Dataset section ::
———
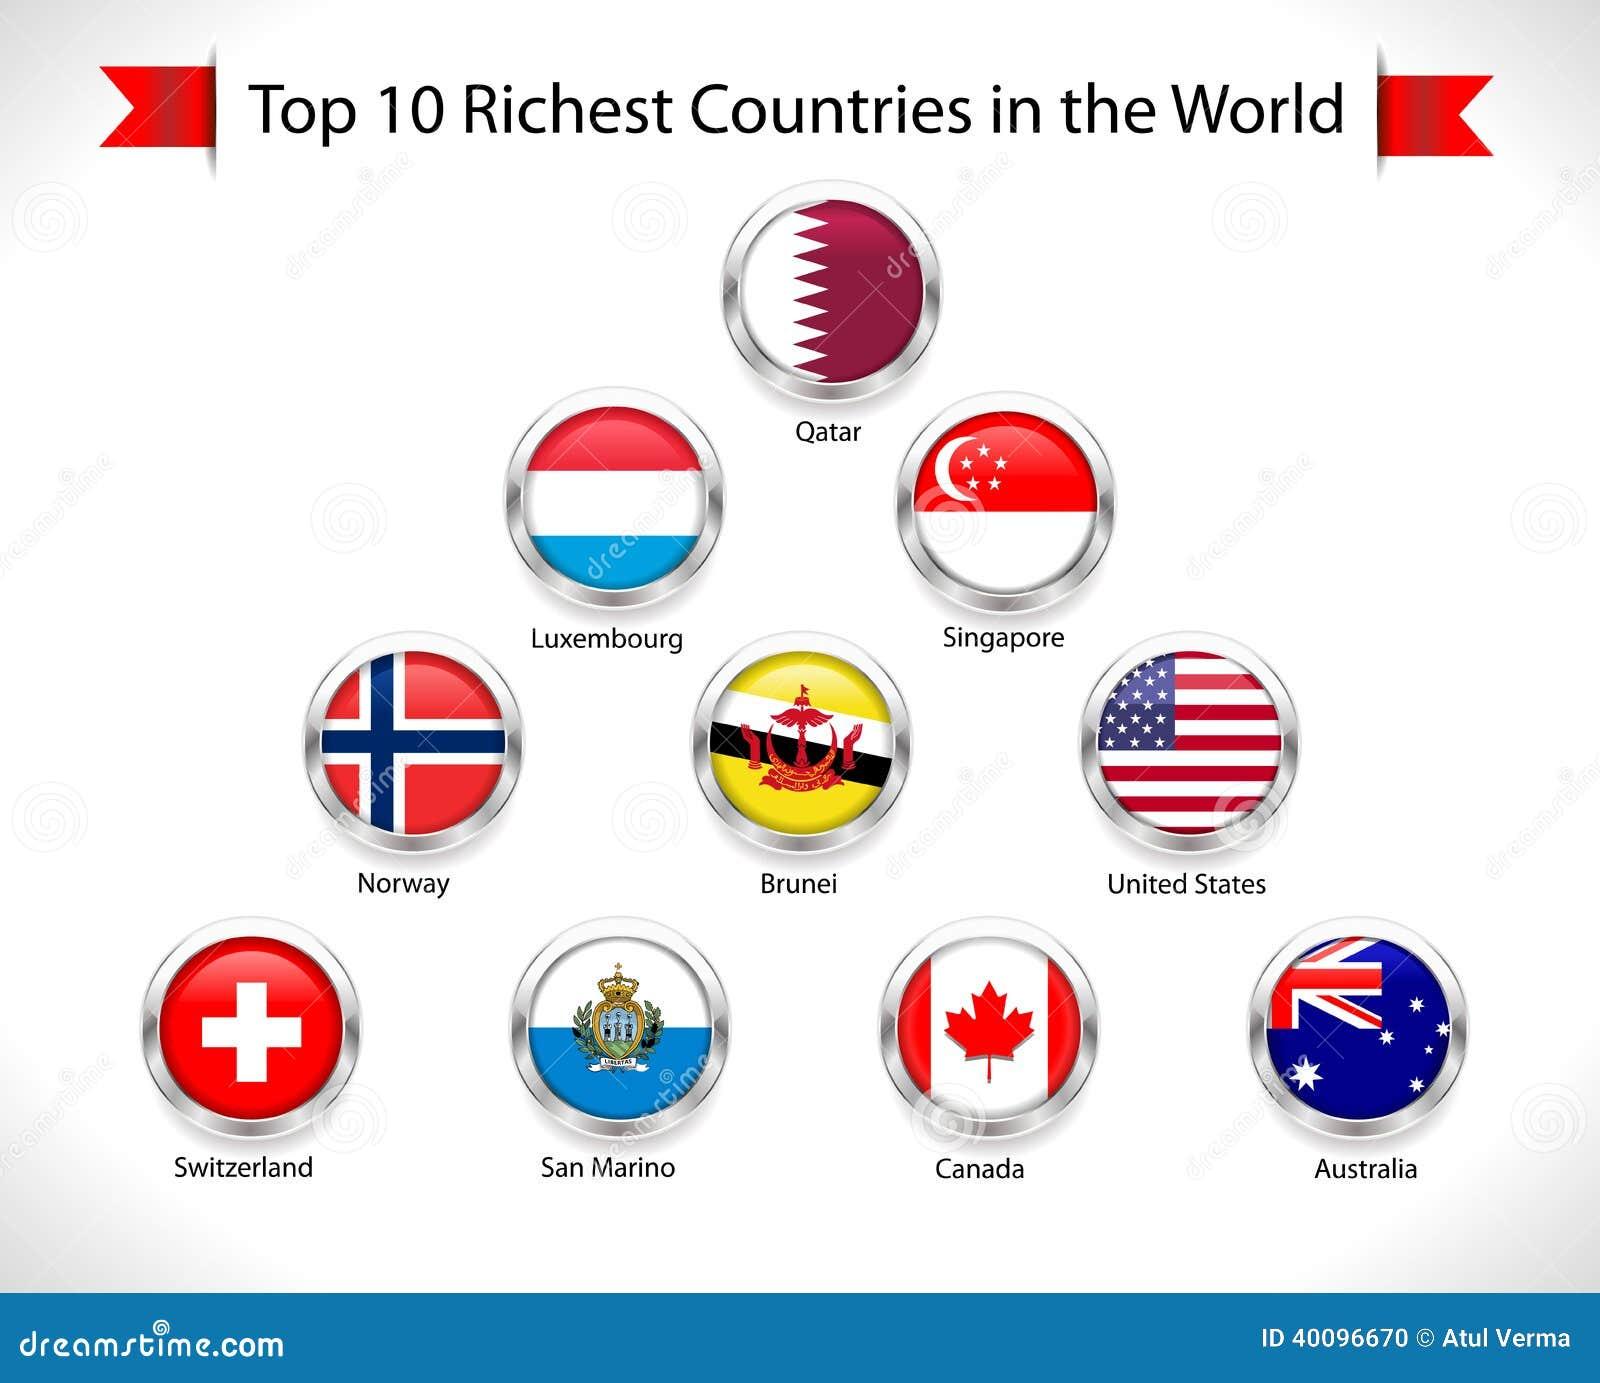 Les Pays Les Plus Riches De Top Ten Au Monde Qatar Luxembourg
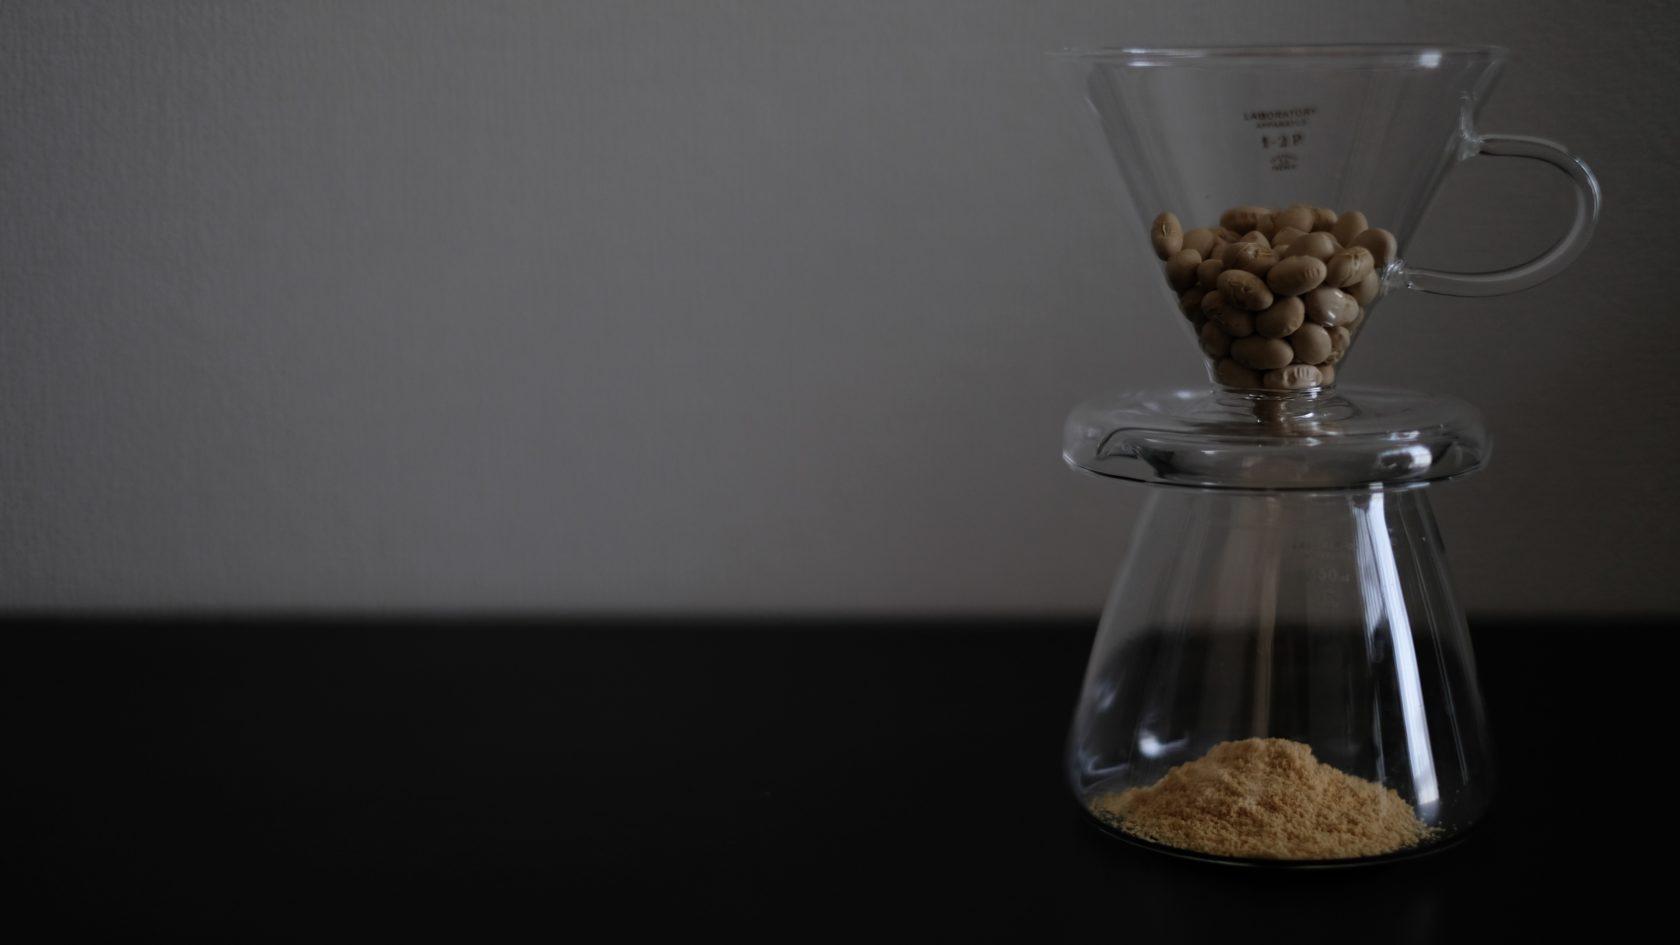 大豆 × エスプレッソ挽きでつくる香り豊かな挽きたて「きな粉」
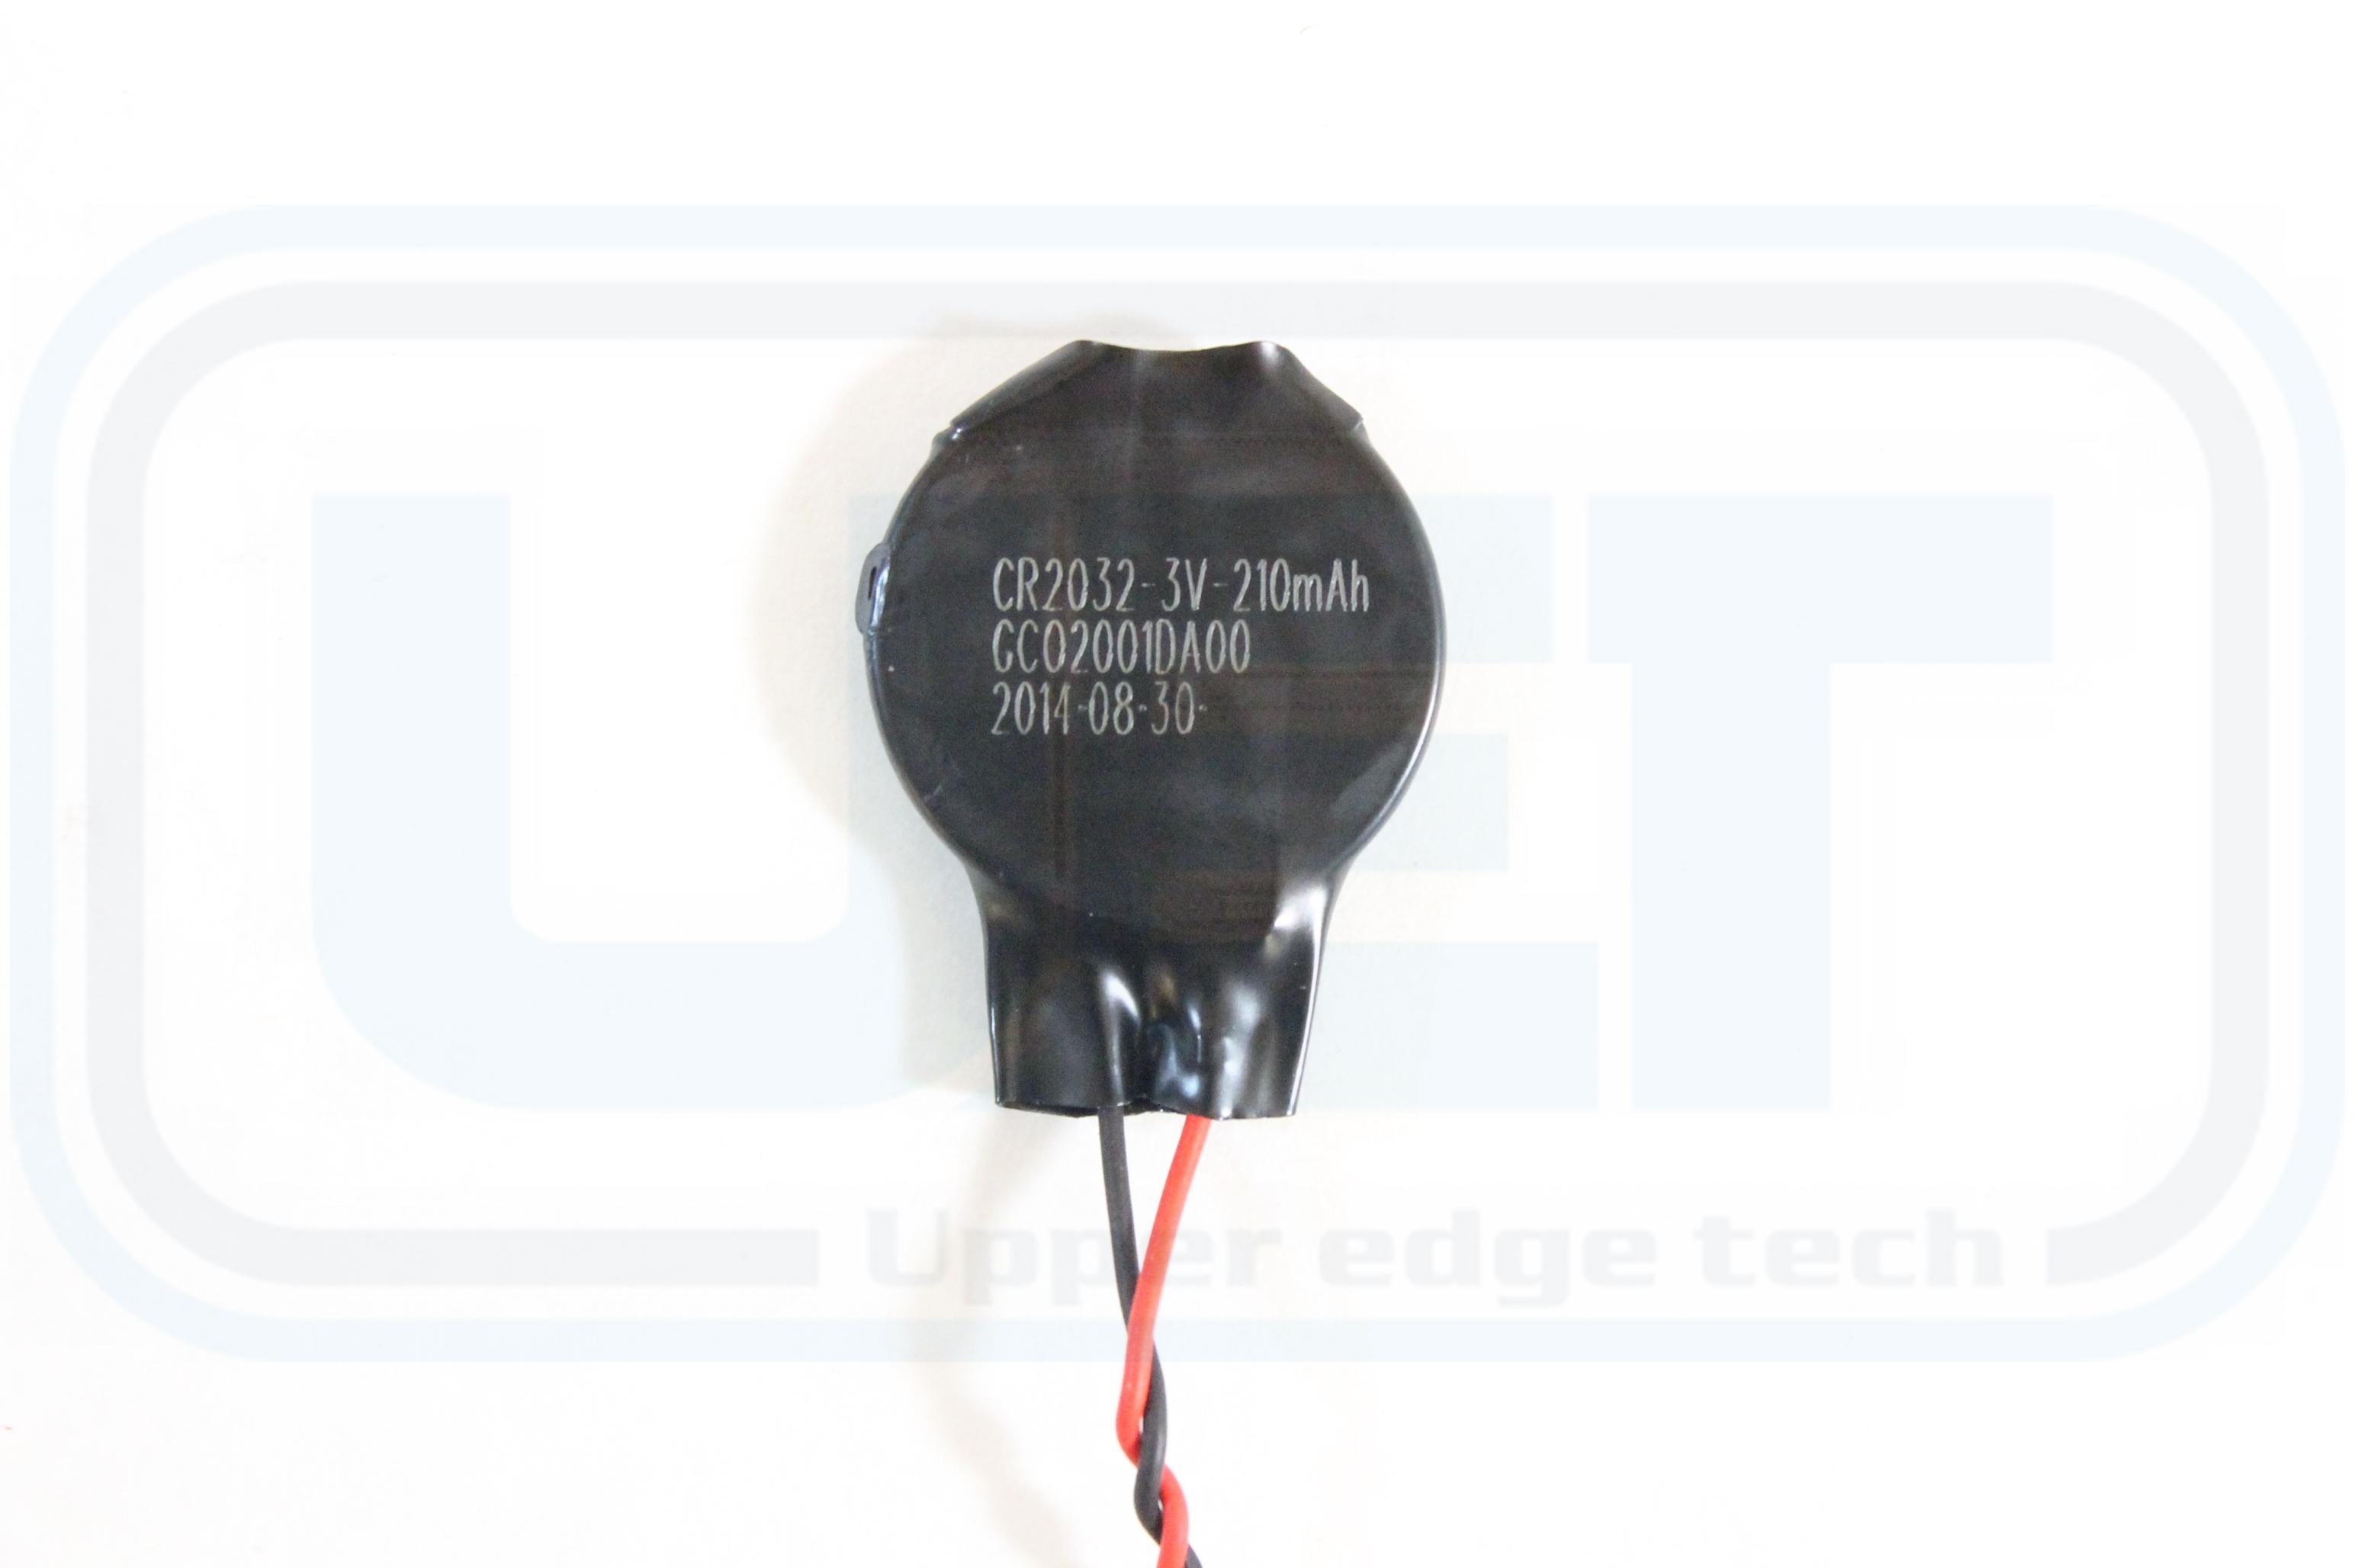 Lenovo GC02001DA00 2 Prong BIOS Battery Thinkpad E545
———
What you should do :: Excluding pictures, copy exactly the lines from the line containing "大豆 × エスプレッソ挽きでつくる香り豊かな挽きたて「きな粉」" through the last line of the data, inclusive.

Solution to this problem ::
 大豆 × エスプレッソ挽きでつくる香り豊かな挽きたて「きな粉」
 Lenovo GC02001DA00 2 Prong BIOS Battery Thinkpad E545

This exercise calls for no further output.